Jakarta, TopBusiness – Puradelta Lestari Tbk (IDX: DMAS), pengembang dan pengelola kawasan terpadu modern berbasis industri Kota Deltamas, telah mencapai prapenjualan sebesar Rp1,15 triliun pada semester pertama tahun 2026.
Dengan kondisi itu, Perseroan pun yakin jika target penjualan di tahun ini bisa tercapai. Perseroan menargetkan penjualan sebesar Rp2,08 triliun.
“Target di 2026 ini yang sebesar Rp2,08 triliun bisa tercapai. Hingga semester I 2026, pra Penjualan Perseroan pada semester pertama tahun 2026 telah mencapai 55% dari target tahun ini,” ujar Tondy Suwanto, Direktur dan Sekretaris Perusahaan Perseroan saat Public Expose Live 2026, Senin (7/9/2026).
“Capaian prapenjualan pada periode ini didominasi oleh sektor industri khususnya sektor data center,” tambahnya.
Permintaan lahan industri sebesar 85 hektar, 75% berasal dari sektor data center. Hal tersebut didukung oleh fasilitas dan infrastruktur yang komprehensif, seperti pasokan listrik dengan layanan premium, instalasi serat optik dengan tingkat redudansi yang handal, looping sistem pada ketersediaan air bersih maupun air daur ulang, serta pusat komando data dan keamanan.
Seiring tingginya permintaan akan lahan industri, Perseroan akan terus berkomitmen untuk meningkatkan fasilitas dan memberikan layanan terbaik untuk mewujudkan Kota Deltamas sebagai sebuah kawasan terpadu modern ramah lingkungan dan sebagai pusat aktivitas regional di timur Jakarta.
Lebih jauh ditegaskannya, untuk outlook sendiri sampai 2027 masih bagus. Terutama utntuk segmen kawasan industry. Sejauh tekanan hanya ada di residensial. Apalagi dengan adanya suku bunga yang saat ini masih tinggi.

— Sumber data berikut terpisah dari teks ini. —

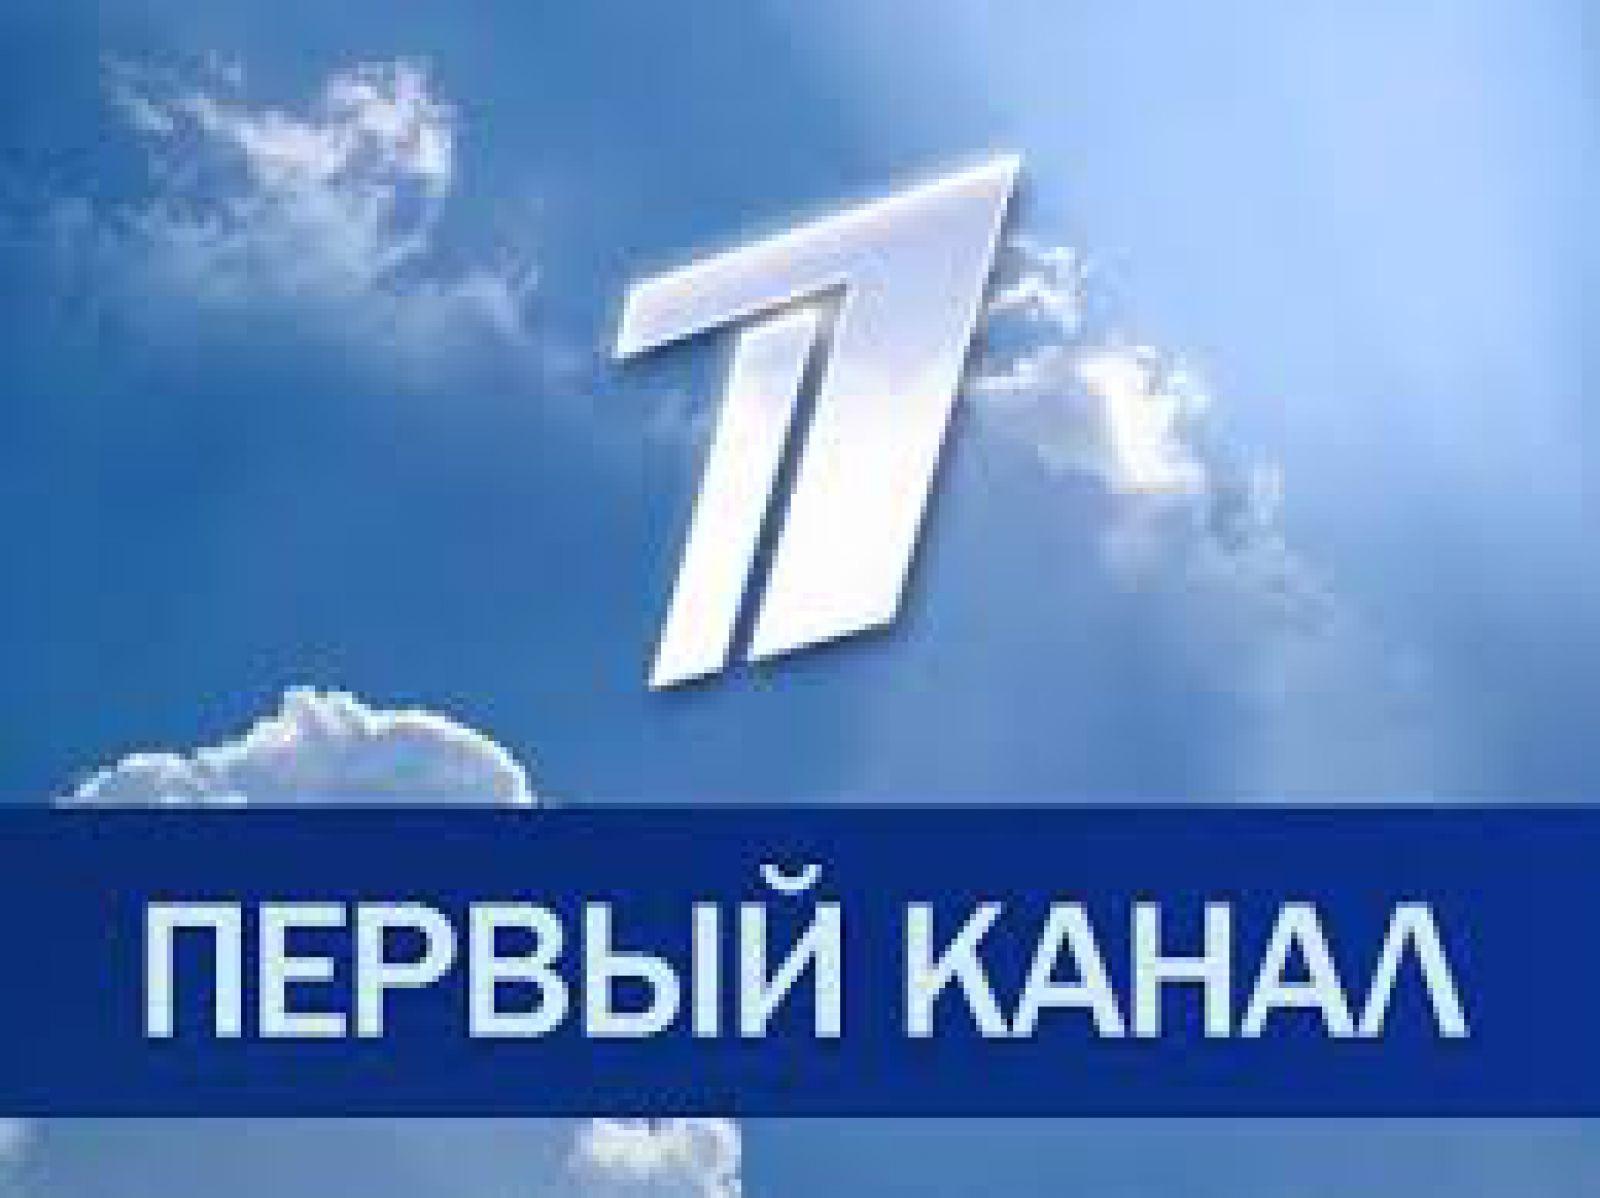 Спутниковые каналы для взрослых смотреть онлайн бесплатно без регистрации 16 фотография

“Mudah-mudahan suku bunga bisa lebih turun. Ini justru akan menekan kawasan residensial. Tapi untuk kawasan industri dan khususnya data center bagi mereka investor asing dengan suku bunga tinggai malah lebih murah. Mereka melihatnya begitu,” katanya.
Namun untuk tahun depan, perseroan belum bisa menargetkan sebesar apa. “Kalau bicara 2027 masih terlalu awal. Di tahun ini kita optimis target tercapai. Kita selesaikan tahun 2026 ini. Belum ada target tahun depan. Tapi saya kira akan lebih baik juga di tahun depan,” pungkasnya.